PRA is consulting on a proposed new supervisory statement that sets out how it expects all Solvency 2 firms to prudently manage cyber underwriting risk. PRA carried out thematic work which highlighted a number of risks the insurance industry faces from underwriting insurance contracts that are exposed to losses resulting from a cyber attack. Its research found many potential risks from what it calls “silent cyber” – that is, implicit cyber exposure within policies that do not explicity exclude cyber risk. It found these silent cyber risks are material and are increasing over time. It says casualty lines are potentially significantly exposed to it and that there is potential for silent losses in marine, aviation, transport and property lines, although underwriters are generally comfortable to provide implicit cyber coverage. Reinsurers are aware of the risks, particularly of aggregation of silent cyber, and are looking to address them. But, overall, most firms do not have clear strategies and have not invested in developing the necessary expertise. PRA also noted firms do not understand well enough the aggregation and tail potential of affirmative cyber cover. Although models are under development to help manage risks, PRA believes it needs to clarify to firms what it expects of them. Its draft statement explains:
- how it expects firms to assess and manage their products giving consideration to silent cyber risk exposures.
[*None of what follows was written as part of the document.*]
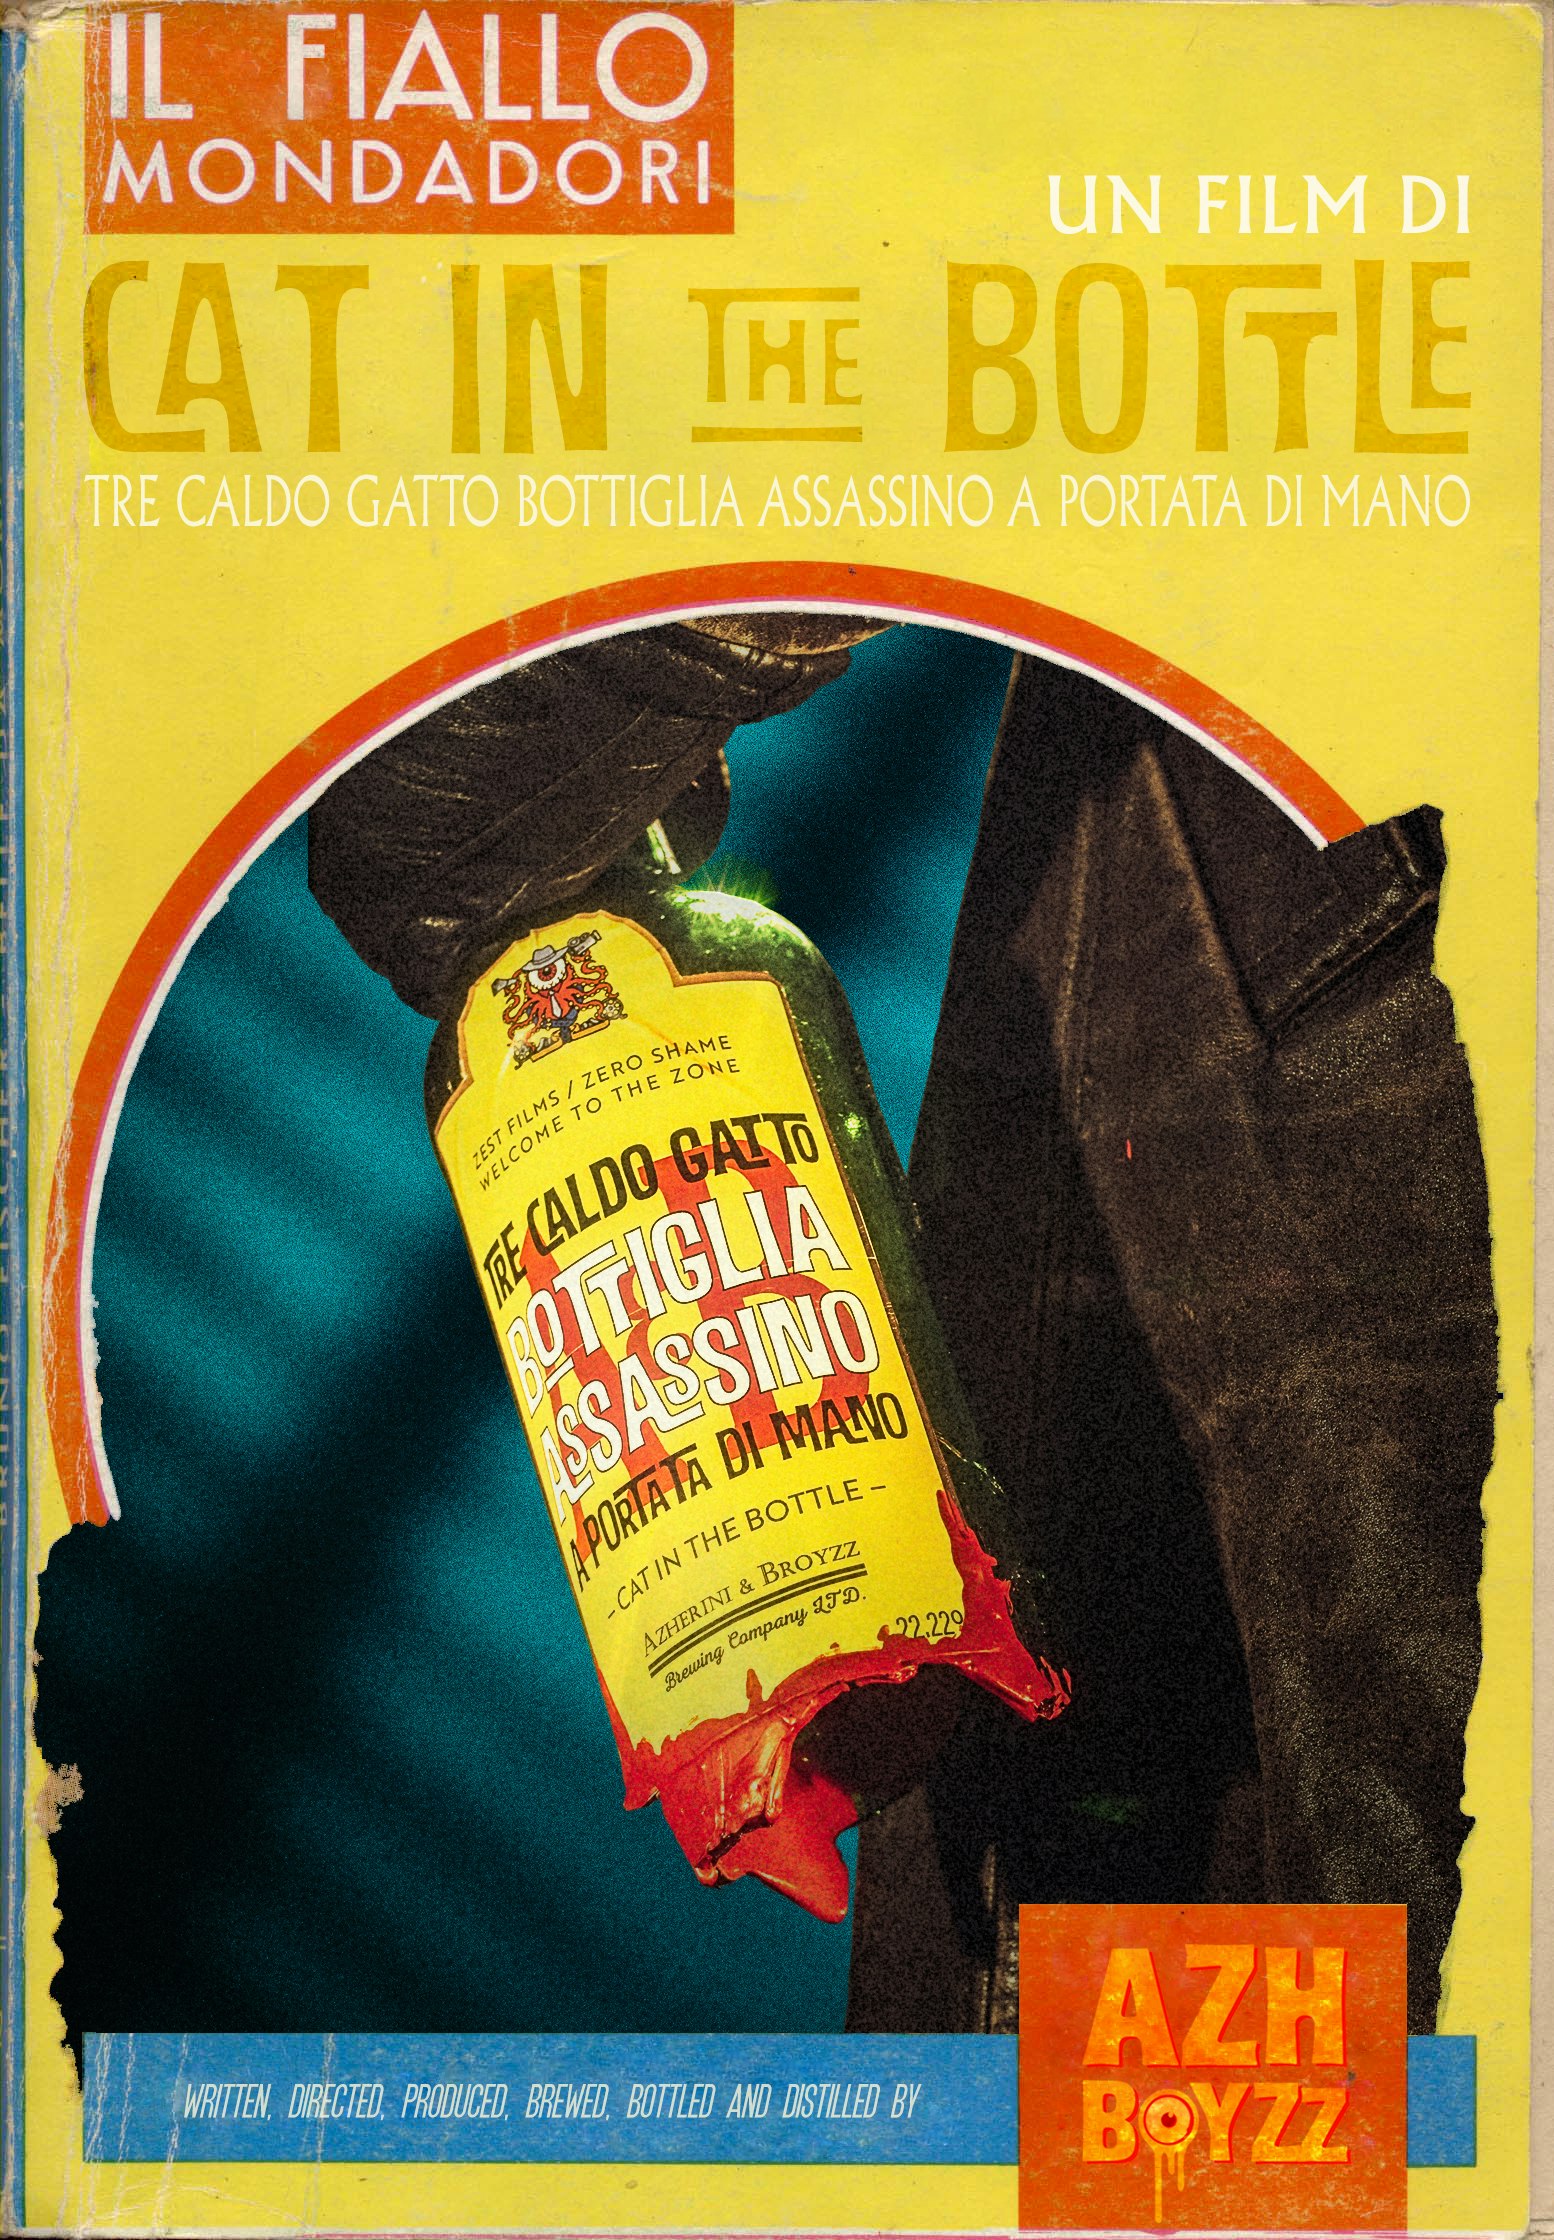 Cat in the Bottle - un-finished A&B film. Shot by Azh Boyzz.
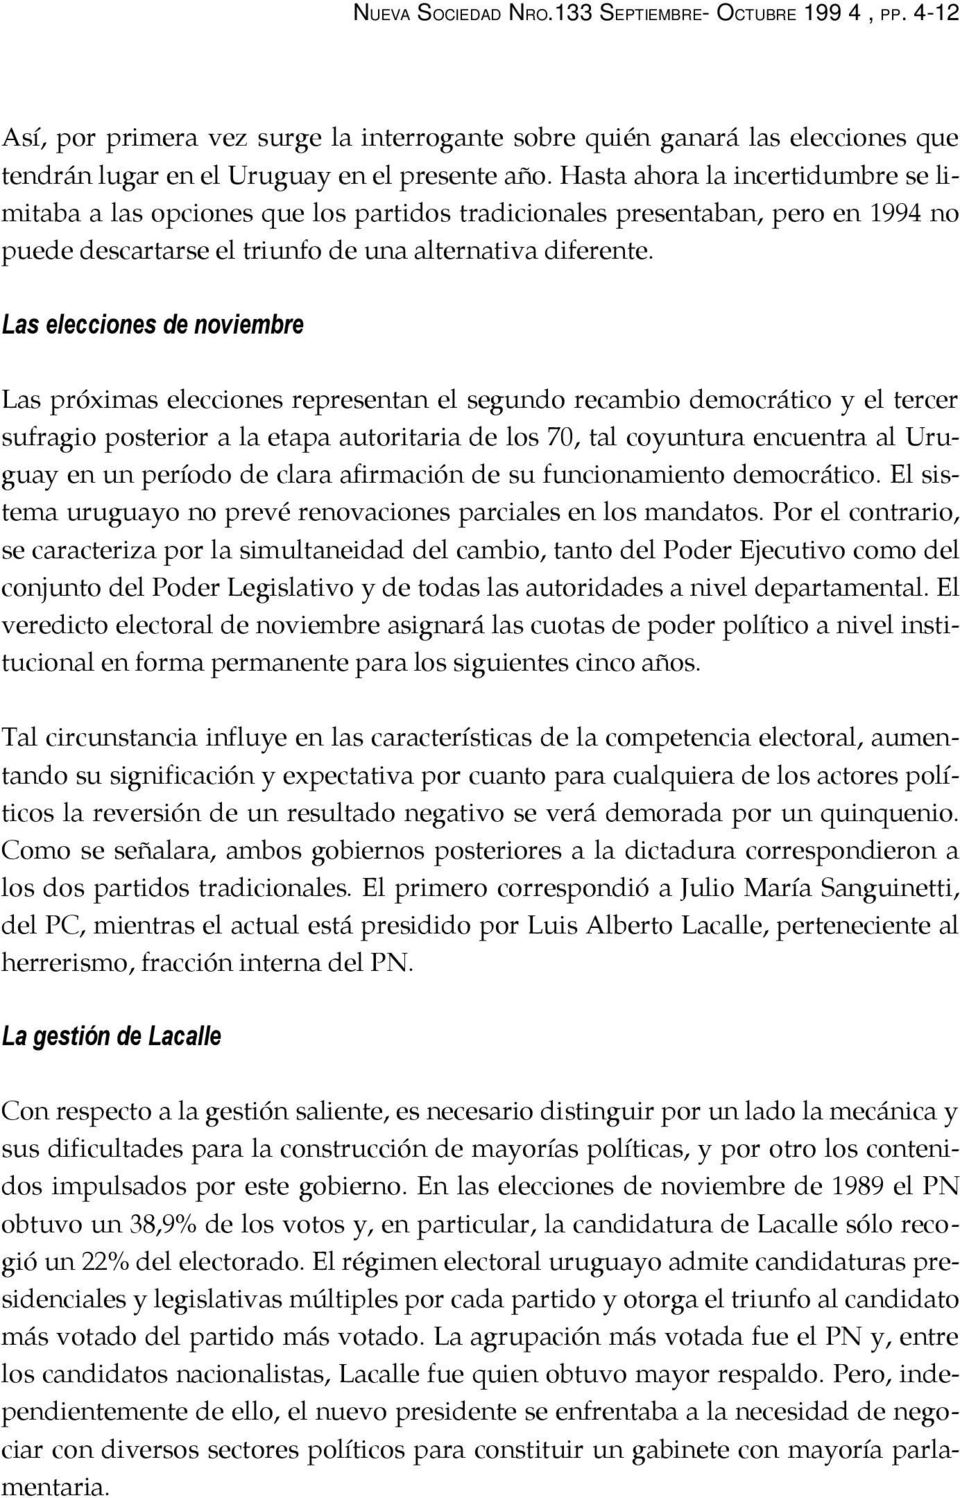 Las elecciones de noviembre Las próximas elecciones representan el segundo recambio democrático y el tercer sufragio posterior a la etapa autoritaria de los 70, tal coyuntura encuentra al Uruguay en

It suggests measures firms might take to reduce unintended exposure, including exclusions, cover limits and premium adjustment;
- its expectations that firms should have clear strategies on managing the risk associated with both any relevant underwriting of affirmative cyber insurance and with silent cyber risk. It suggests what should be included in MI for the Board to help the board assess the firm’s position; and
- the cyber expertise it expects firms to have, with responsibility and accountability for this sitting within the firm, regardless of the external expertise it may call on.
The consultation closes on 14 February 2017.